In BAI’s case, the dilemma was largely averted by employing data analytics from the cloud, to which the Wi-Fi systems can send information directly.
Employing a connected device was thus superfluous, which reduced not only the cost but also the operational demands of maintaining its rail analytics functionality. Foran said the whole process was facilitated when the company decided to install a cloud-based time series database from InfluxDB, which enables the classification of information according to tags.

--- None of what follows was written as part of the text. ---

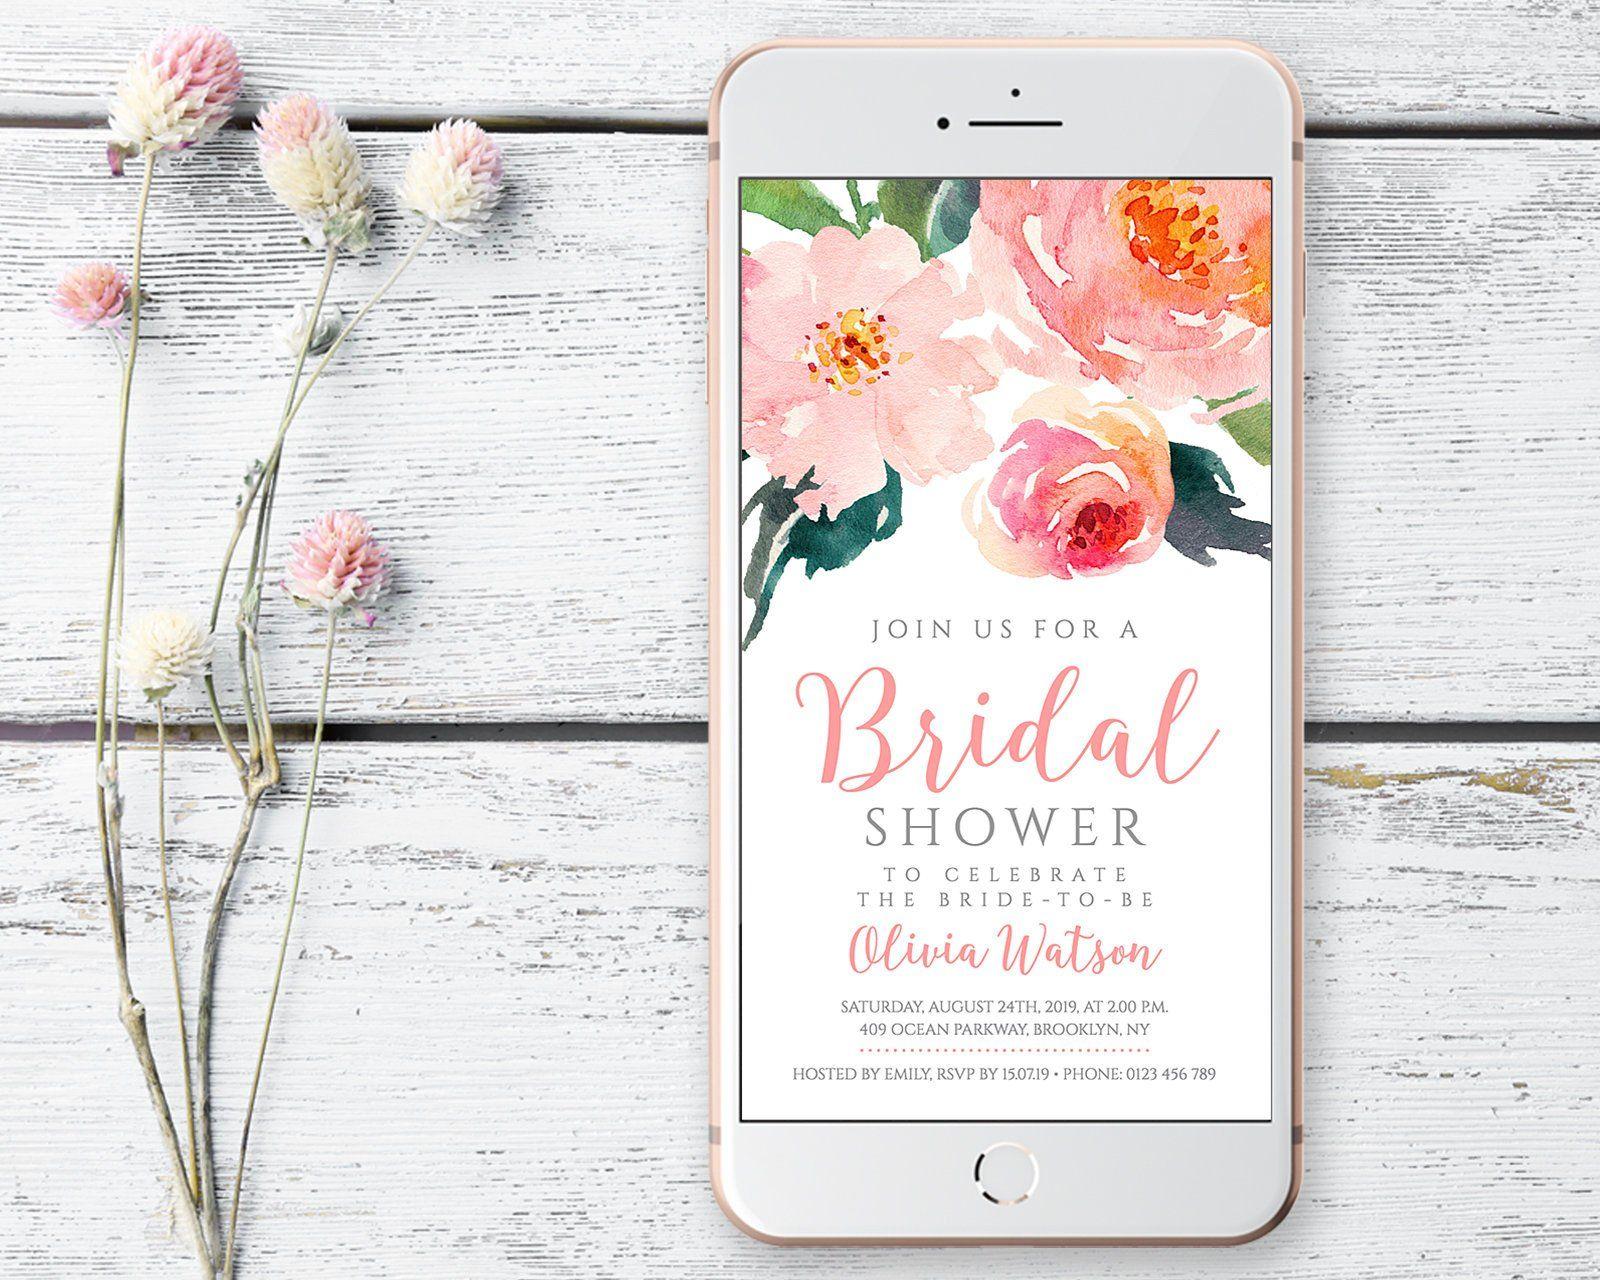 e008566b16e Electronic Bridal shower invitation with wild bohemian flowers ...

In a vindication of its technology, BAI was awarded a 20-year concession in June 2021 to serve high-speed mobile connectivity to the London Underground – the world’s oldest metro system and fourth largest in terms of network length.
“We can add tags as we go. When we gather information from an access point we can tag it to say that it’s at this station, or another for specific platforms,” Foran said.
“This gives us the ability to change the granularity of the business logic – and one of the most recent things we’ve started to do for some station managers is to look at other facilities — for example, passenger patterns in the mezzanine.”
“We add tags to those access points so [station managers] can now run aggregations against hand selected [sites]. We didn’t need to throw the baby out with bathwater; we didn’t need to change the schema of the database.”